Solution Approach 2:
The patent implements continuous feedback loops that monitor actual demand patterns, resource utilization metrics, and customer access outcomes. This feedback information is used to dynamically adjust resource allocation decisions in real-time, allowing the system to efficiently respond to changing conditions and maintain reliability without wasting resources during low-demand periods.
3Device complexity
If centralized processing is used, then resource management is simplified, but network traffic and computational burden on central systems increase
Solution Approach 1:
The patent segments the centralized processing architecture into distributed edge nodes that can independently process transactions locally.
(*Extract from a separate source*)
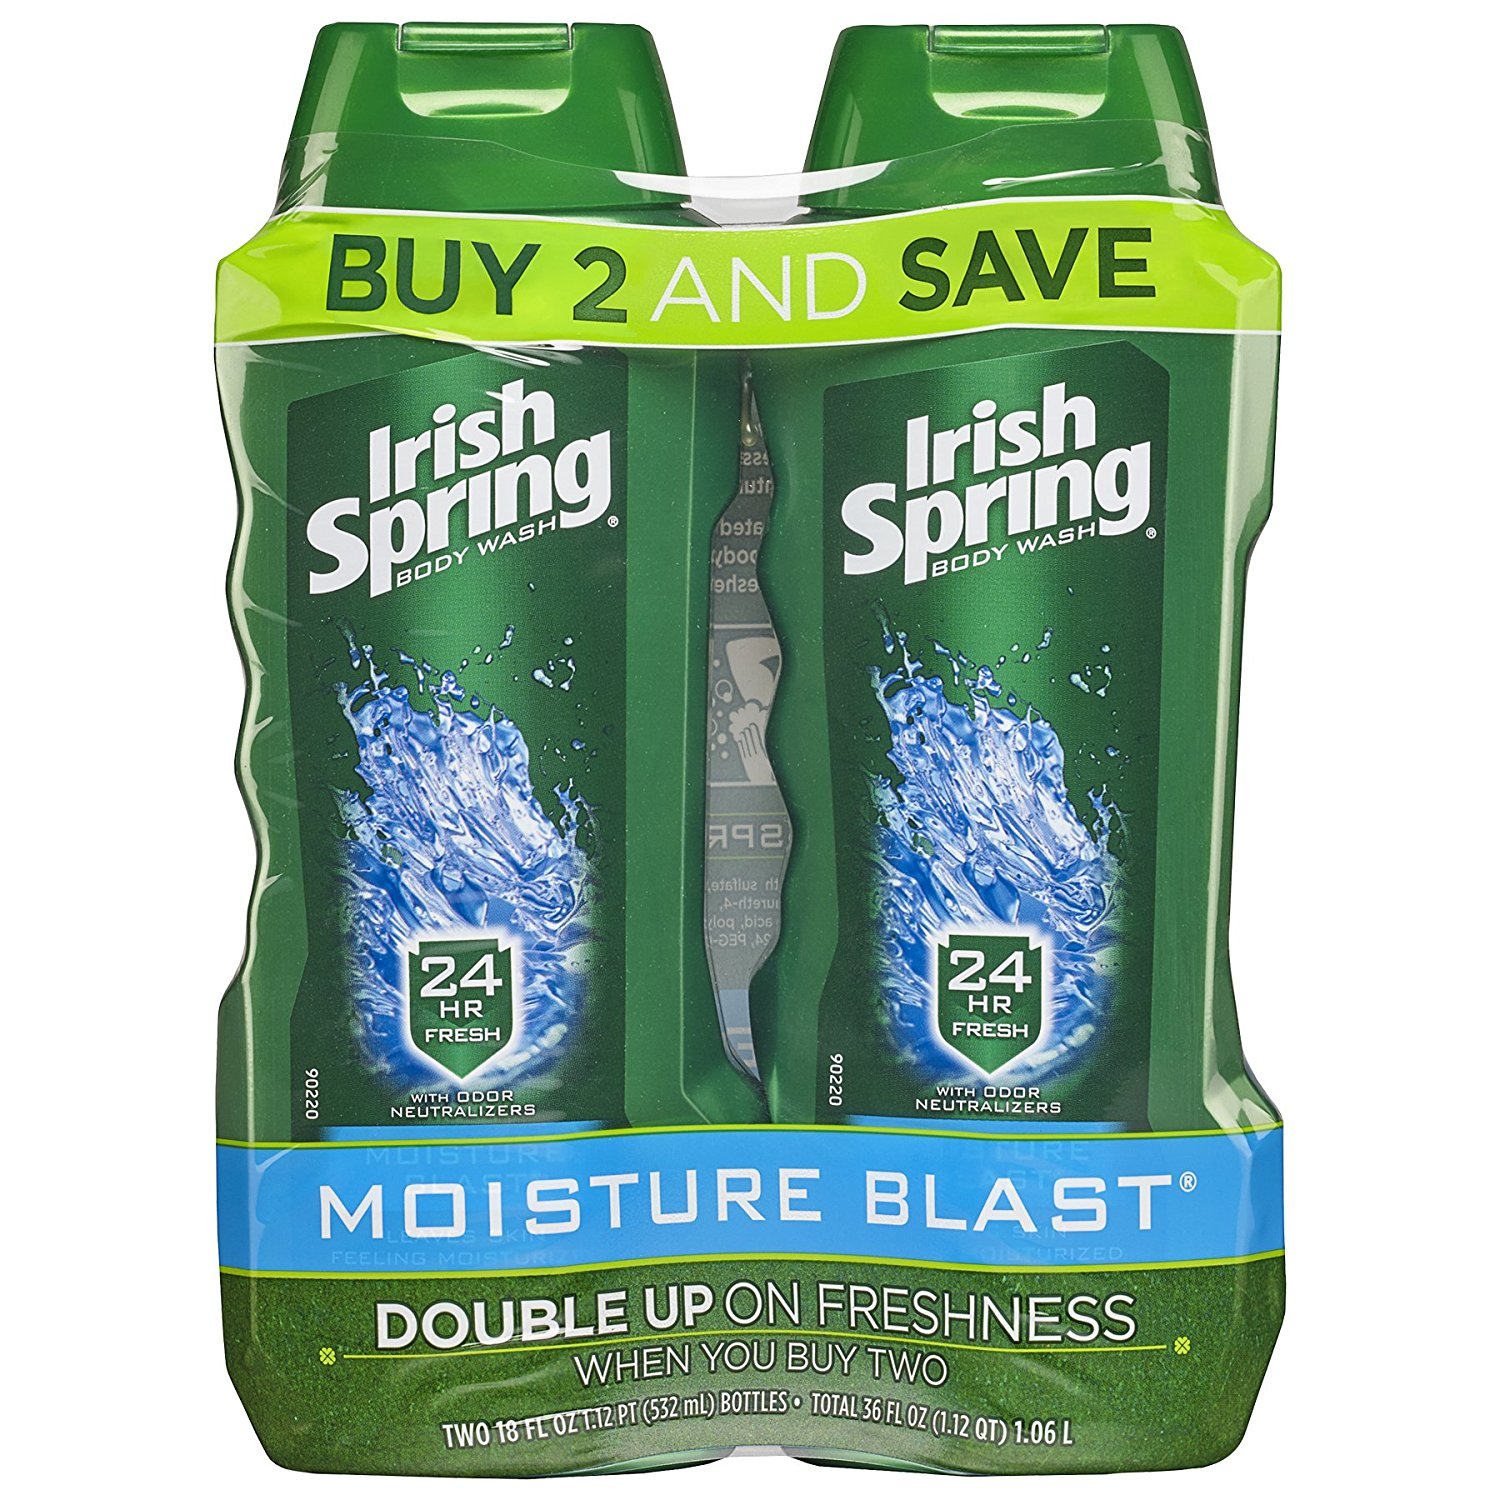 Irish Spring Moisture Blast Moisturizing Body Wash 2 Pack Only $4.65 Shipped!

This segmentation eliminates the need for all transaction data to traverse the network to a central system, dramatically reducing network traffic and computational burden on central infrastructure while maintaining coordinated resource management through standardized protocols and interfaces.
Solution Approach 2:
The patent introduces edge nodes as intermediary computing resources between customers and the centralized system. These intermediaries handle local processing and resource management autonomously, reducing the direct computational burden on central systems and minimizing network traffic while still enabling centralized oversight and coordination when needed through standardized communication protocols.
Data Source
AI summary
This application describes apparatus and methods for distributing computing resources using edge-computing. Apparatus may include an edge node that is positioned in a target geographic region. The edge-node may include information needed to process transactions that occur locally in the target geographic region. The edge-node may process the transaction without communicating with a central server. The edge-node may support processing transactions on behalf of a variety of financial institutions and merchant processing systems. Processing the transaction locally may reduce computational resources typically required by region server to process high volumes of transactions. The edge-nodes would process transactions locally, close to a location of at least one party to the transaction.